The possibilities raised by this artistic strategy of choreographing an audience - or "making people do things" as Blue put it - also fed into numerous other works, both in the context of Master's studies at the Royal Academy and during residencies. A remote location in Scotland informed a residency project involving the artist studying techniques of dry-stone walling, eventually segmenting an exhibition space with bespoke barriers, then providing equally bespoke stiles so that the borders could be traversed; a project that engaging with the politics of enclosure, access and compartmentalisation. Another project returned to themes of occultism and the paranormal, embracing the loaded work 'ghost' as part of a staged investigation into the haunting of the Royal Academy Archive. As well as providing routes back into more conventional making processes (lithographs and etchings), the project again involved the artist undertaking training (this time as a paranormal investigator), as well as the use of invented logos that served as stand-ins for the artist's activities: a kind of alter-ego or elements of a fictional mythology that also function as a device of authority for an unknown governing body. An interest in the power of such symbolic entities underpinned another work made at this time, Vigil: Participatory Observation and Fieldwork - An Investigation into Haunted Space, Psychometry and Spectatorship. The work constituted a form of social experiment wherein an invited audience assumes the role of a communal 'receptor' for unexpected or extraordinary events. With many of the features of a rigorous scientific experiment, the project incorporated the gallery space/educational environment both as a space of critique and a site rich with art historical associations.

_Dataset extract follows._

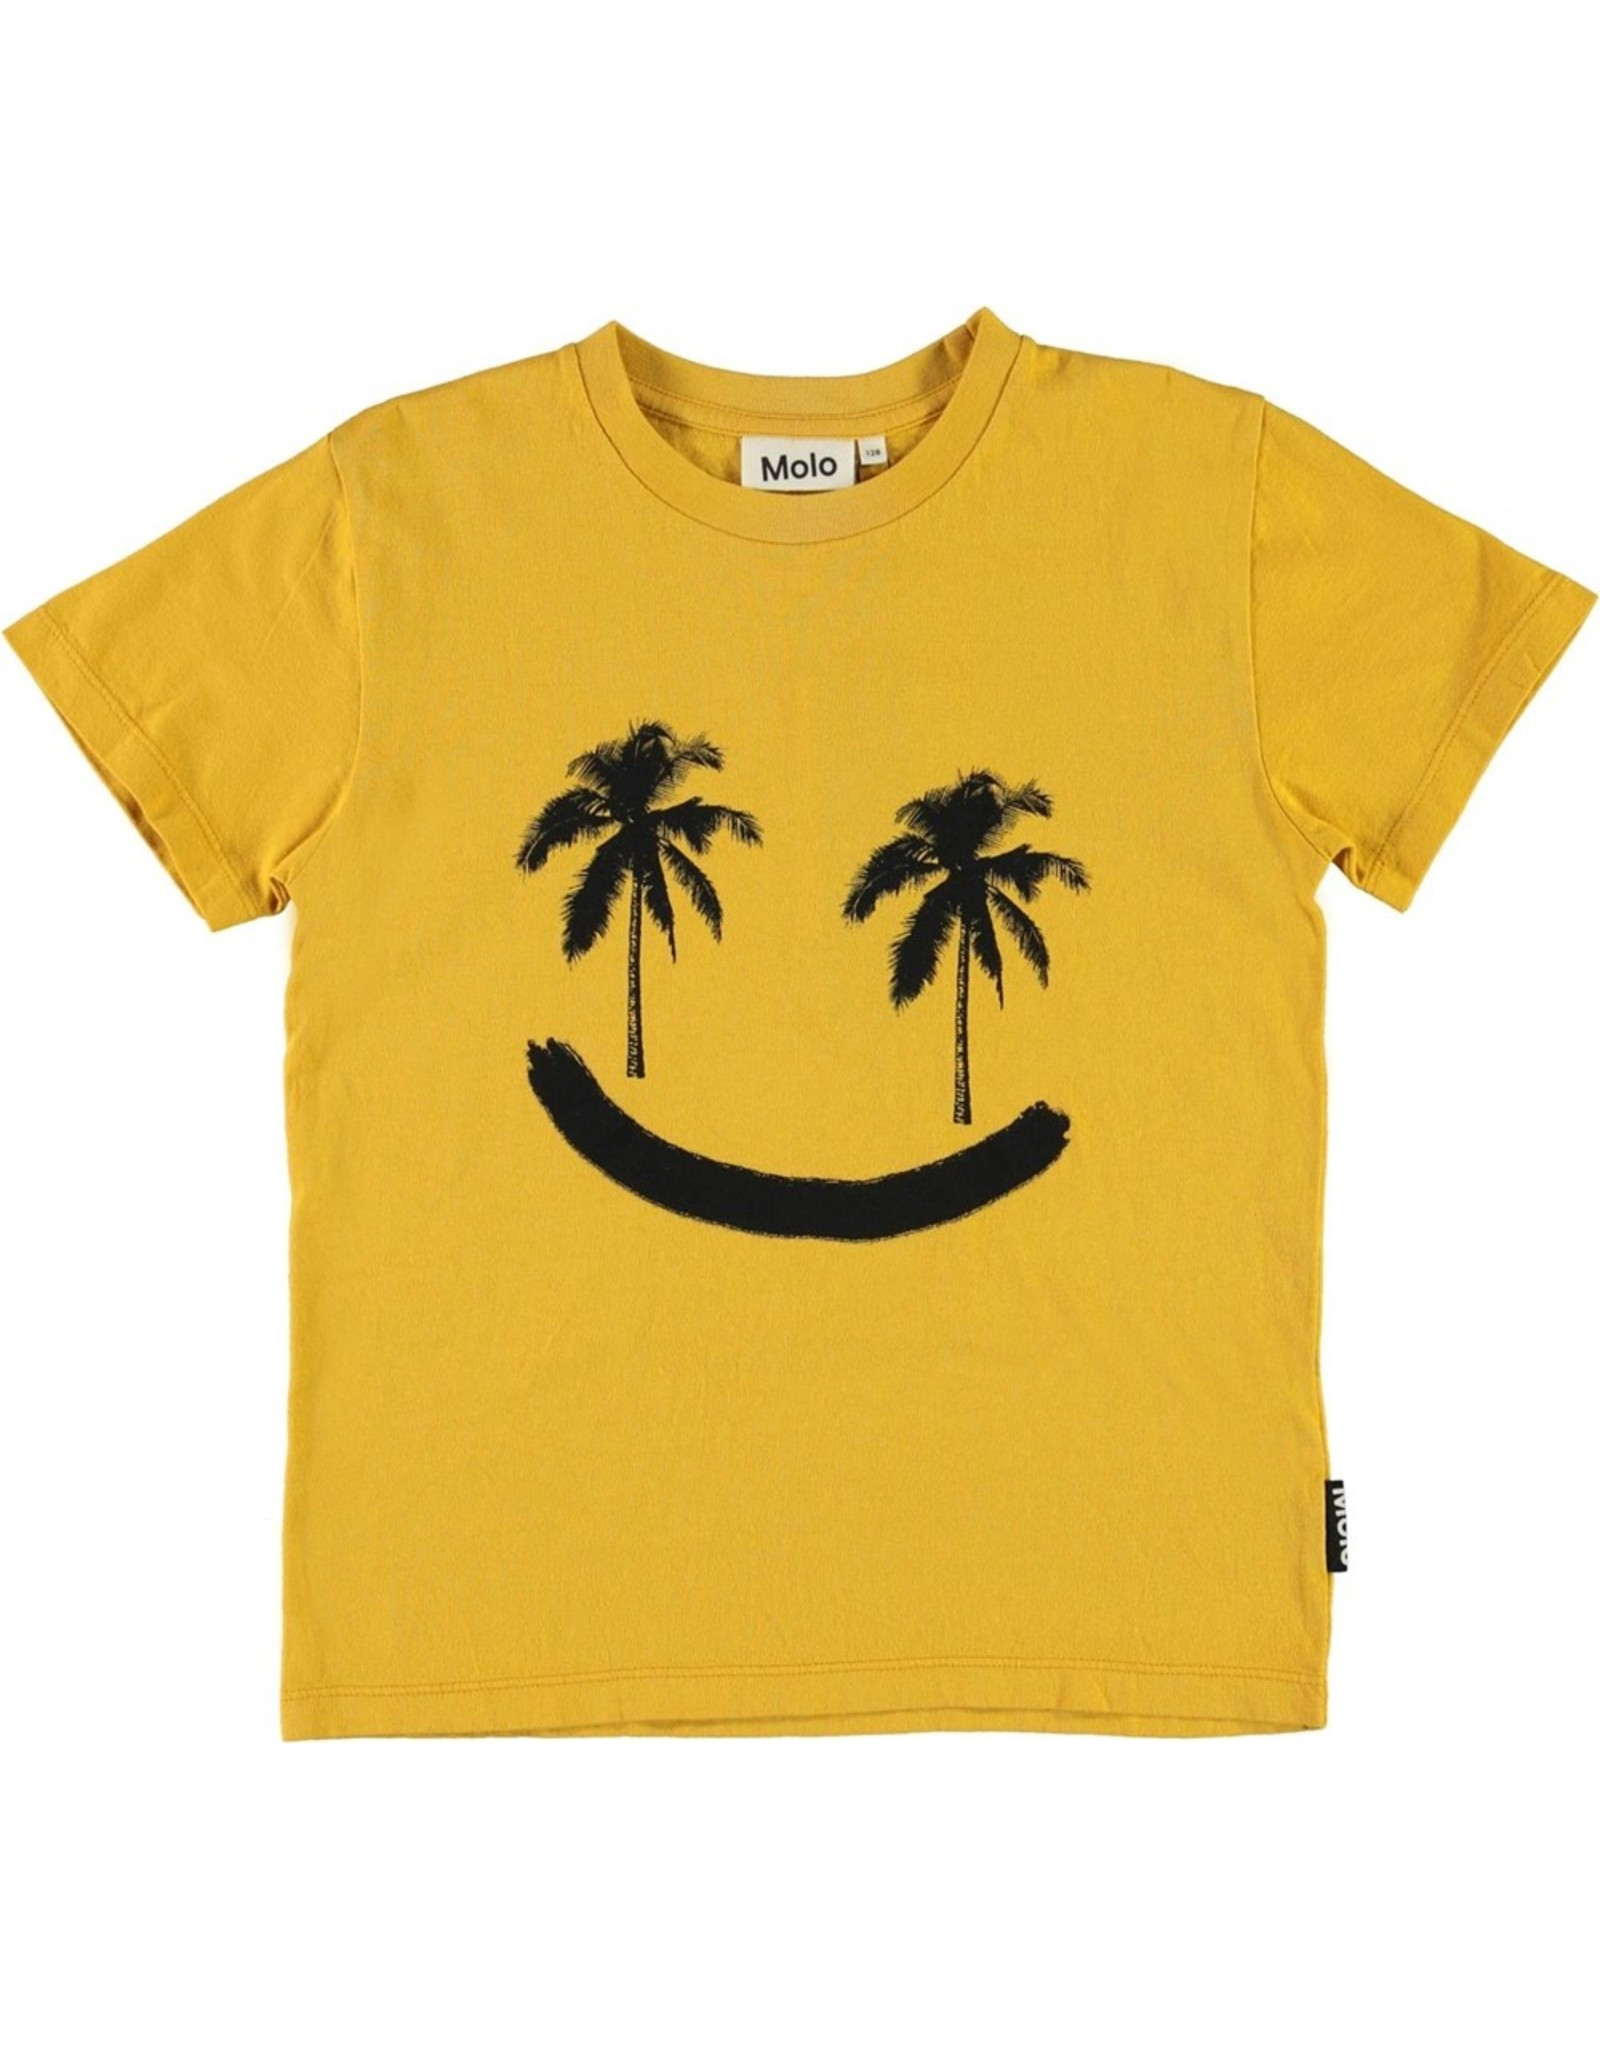 Molo Molo T-shirt Rame  Sunrise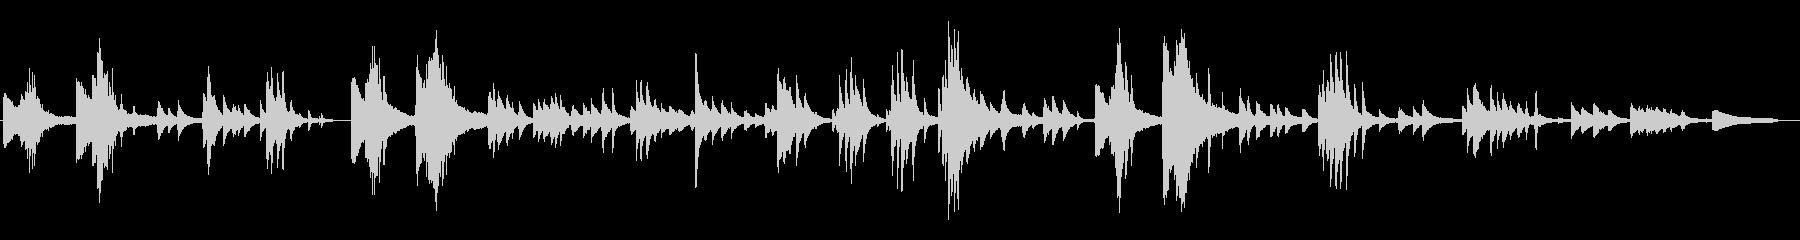 現代のクラシックソロピアノロマンテ...の未再生の波形

Blue's MA show at the Royal Academy saw a return to the use of vinyl cut-outs, this time applied as expansive patterning more concerned with architecture and volumetric space. Large stud walls were built to occupy the exhibition space, with rotating sections serving as both doors and barriers, delicately undermining people's perceptions of the environment and how it was to be navigated. In this work and others associated with it, the monochromatic palette (one that has been insistent in much of Blue's work) recalled an influence of modernist abstraction, minimal and modular sculptural forms, and even the performance spaces constructed by Bruce Nauman.

Blue concluded the talk by discussing more recent exhibitions involving the use of GPS technology and audio installation, combining her interest in visual patterning with the potential of aesthetic "noise". The focus has shifted to emergent forms, finding a balance between material environments or built things with other, immaterial phenomena that might only be teased out or made to resound through interventions into perception.